快速开始

1. 安装环境

  • python版本: 2.7 OR >=3.4
  • TensorFlow版本: 开源TF >= 1.8(安装) OR PAI-TF

2. 安装步骤

  • pip install cython
  • pip install http://pai-vision-data-hz.oss-cn-zhangjiakou.aliyuncs.com/release/easy_vision-1.0.7-py2.py3-none-any.whl
  • 验证:
import easy_vision

如下安装第三方库下载缓慢,可以采取如下方式更改pip源加速

新建 ~/.config/pip/pip.conf 文件

[global]
index-url = https://pypi.tuna.tsinghua.edu.cn/simple

3. 使用步骤

3.1 数据准备

下载pascal数据集(在当前目录):

osscmd downloadallobject oss://pai-vision-data-hz/data/voc0712_tfrecord/ data/voc0712_tfrecord --host=oss-cn-zhangjiakou.aliyuncs.com
# or use oss util, 需要在配置文件中设置host为oss-cn-zhangjiakou.aliyuncs.com
ossutil  cp -r  oss://pai-vision-data-hz/data/voc0712_tfrecord/ data/voc0712_tfrecord

下载resnet50预训练模型(在当前目录):

mkdir -p pretrained_models/
ossutil cp -r oss://pai-vision-data-hz/pretrained_models/resnet_v1d_50/ pretrained_models/resnet_v1d_50

3.2 启动训练任务

普通配置模式

import easy_vision
easy_vision.train_and_evaluate(easy_vision.RFCN_SAMPLE_CONFIG)  

参数配置模式

import easy_vision
param_config = """
  --model_type RFCN
  --backbone  resnet_v1d_50
  --num_classes 20
  --model_dir experiments/pascal_voc/resnet50_rfcn_model
  --train_data data/voc0712_tfrecord/voc0712_part_*.tfrecord
  --test_data data/voc0712_tfrecord/VOC2007_test.tfrecord
  --num_test_example 2
  --train_batch_size 32
  --test_batch_size 1
  --image_min_sizes 600
  --image_max_sizes 1024
  --lr_type exponential_decay
  --initial_learning_rate 0.001
  --decay_epochs 20
  --staircase true"""
easy_vision.train_and_evaluate_with_param_config(param_config)

PS模式

需要在具有至少两张GPU卡的机器上才能运行,一共需要启动3个子进程,分别是ps(parameter server), master(训练过程,负责写summary,保存checkpoint, 定期evaluation),worker(训练过程),脚本如下:

#-*- encoding:utf-8 -*-
import multiprocessing
import sys
import os
import easy_vision
import json
import logging
import subprocess
import time

# train config under distributed settings
config=easy_vision.RFCN_DISTRIBUTE_SAMPLE_CONFIG
print('config path: %s' % config)

# cluster spec 
TF_CONFIG={'cluster':{
             'ps': ['localhost:12921'],
             'master': ['localhost:12922'],
             'worker': ['localhost:12923']
            }
          }

def job(task, gpu):
  task_name = task['type']
  # redirect python log and tf log to log_file_name
  # [logs/master.log, logs/worker.log, logs/ps.log]
  log_file_name = "logs/%s.log" % task_name

  TF_CONFIG['task'] = task
  os.environ['TF_CONFIG'] = json.dumps(TF_CONFIG)
  os.environ['CUDA_VISIBLE_DEVICES'] = gpu
  train_cmd = 'python -m easy_vision.python.train_eval --pipeline_config_path %s' % config 
  logging.info('%s > %s 2>&1 ' % (train_cmd, log_file_name))
  with open(log_file_name, 'w') as lfile:
    return subprocess.Popen(train_cmd.split(' '), stdout= lfile, stderr=subprocess.STDOUT)

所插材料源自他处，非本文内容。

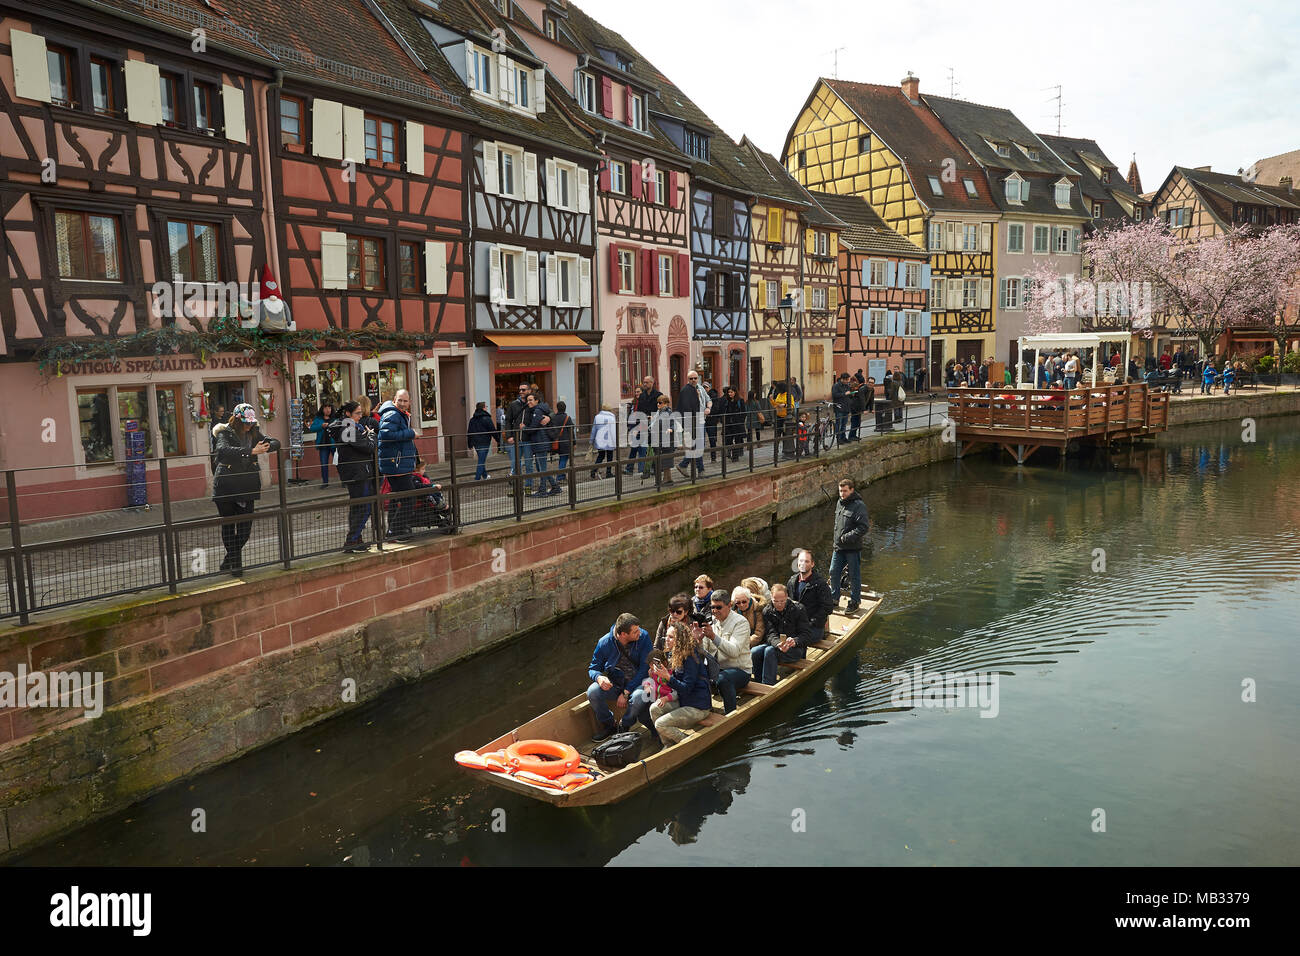 Bateau de tourisme et des maisons à colombages sur le canal de la vieille ville, la Petite Venise, Colmar, Alsace, France Banque D'Images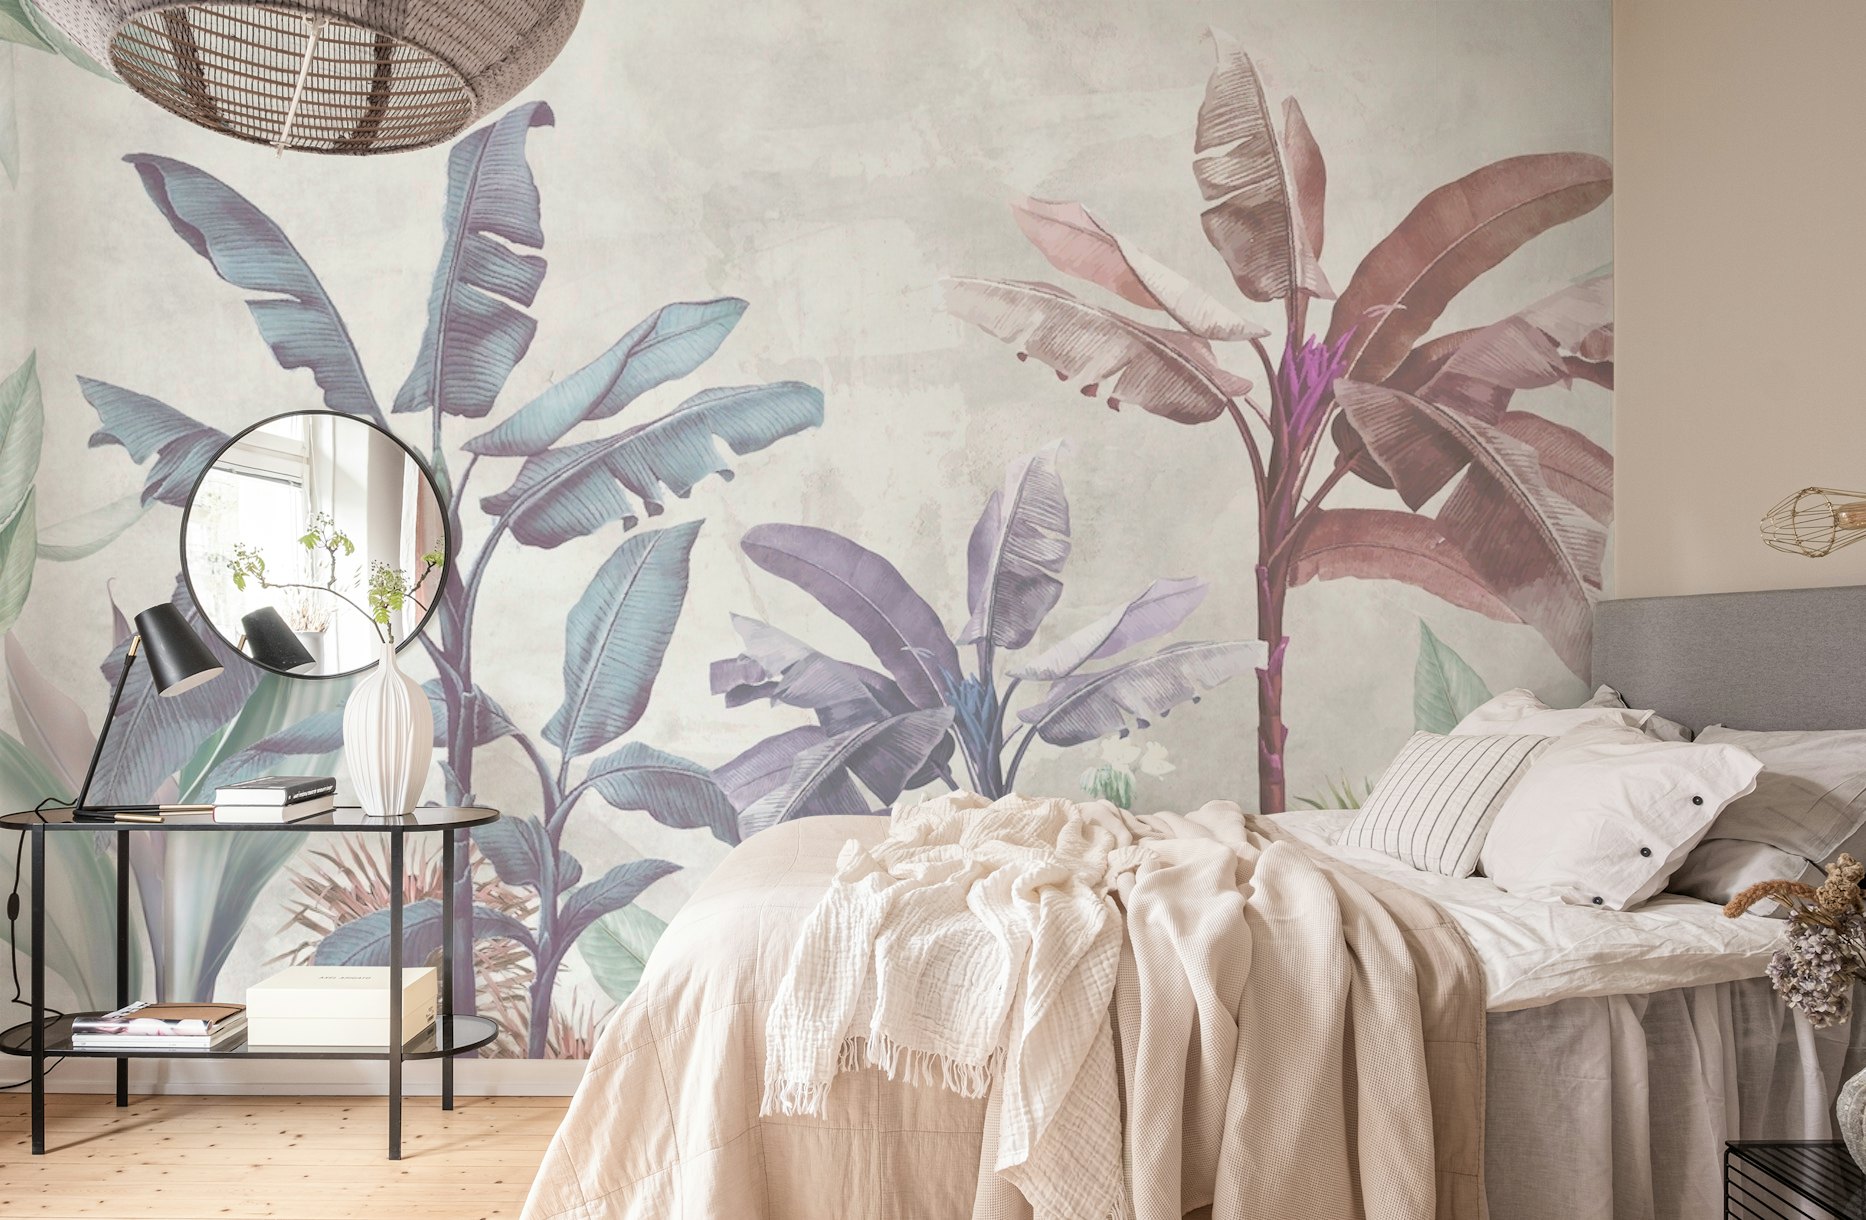 Soft botanical art wallpaper

if __name__ == '__main__':
  procs = {}
  # start ps job on cpu
  task = {'type':'ps', 'index':0}
  procs['ps'] = job(task, '')
  # start master job on gpu 0
  task = {'type':'master', 'index':0}
  procs['master'] = job(task, '0')
  # start worker job on gpu 1
  task = {'type':'worker', 'index':0}
  procs['worker'] = job(task, '1')

  num_worker = 2
  for k, proc in procs.items():
    logging.info('%s pid: %d' %(k, proc.pid))
  task_failed = None 
  task_finish_cnt = 0
  task_has_finished = {k:False for k in procs.keys()}
  while True:
    for k, proc in procs.items():
      if proc.poll() is None:
        if task_failed is not None:
          logging.error('task %s failed, %s quit' % (task_failed, k))
          proc.terminate()
          if k != 'ps':
            task_has_finished[k] = True
            task_finish_cnt += 1
          logging.info('task_finish_cnt %d' % task_finish_cnt) 
      else:
        if not task_has_finished[k]:
          #process quit by itself
          if k != 'ps':
            task_finish_cnt += 1
            task_has_finished[k] = True
          logging.info('task_finish_cnt %d' % task_finish_cnt) 
          if proc.returncode != 0:
            logging.error('%s failed' %k)
            task_failed = k 
          else:
            logging.info('%s run successfuly' % k)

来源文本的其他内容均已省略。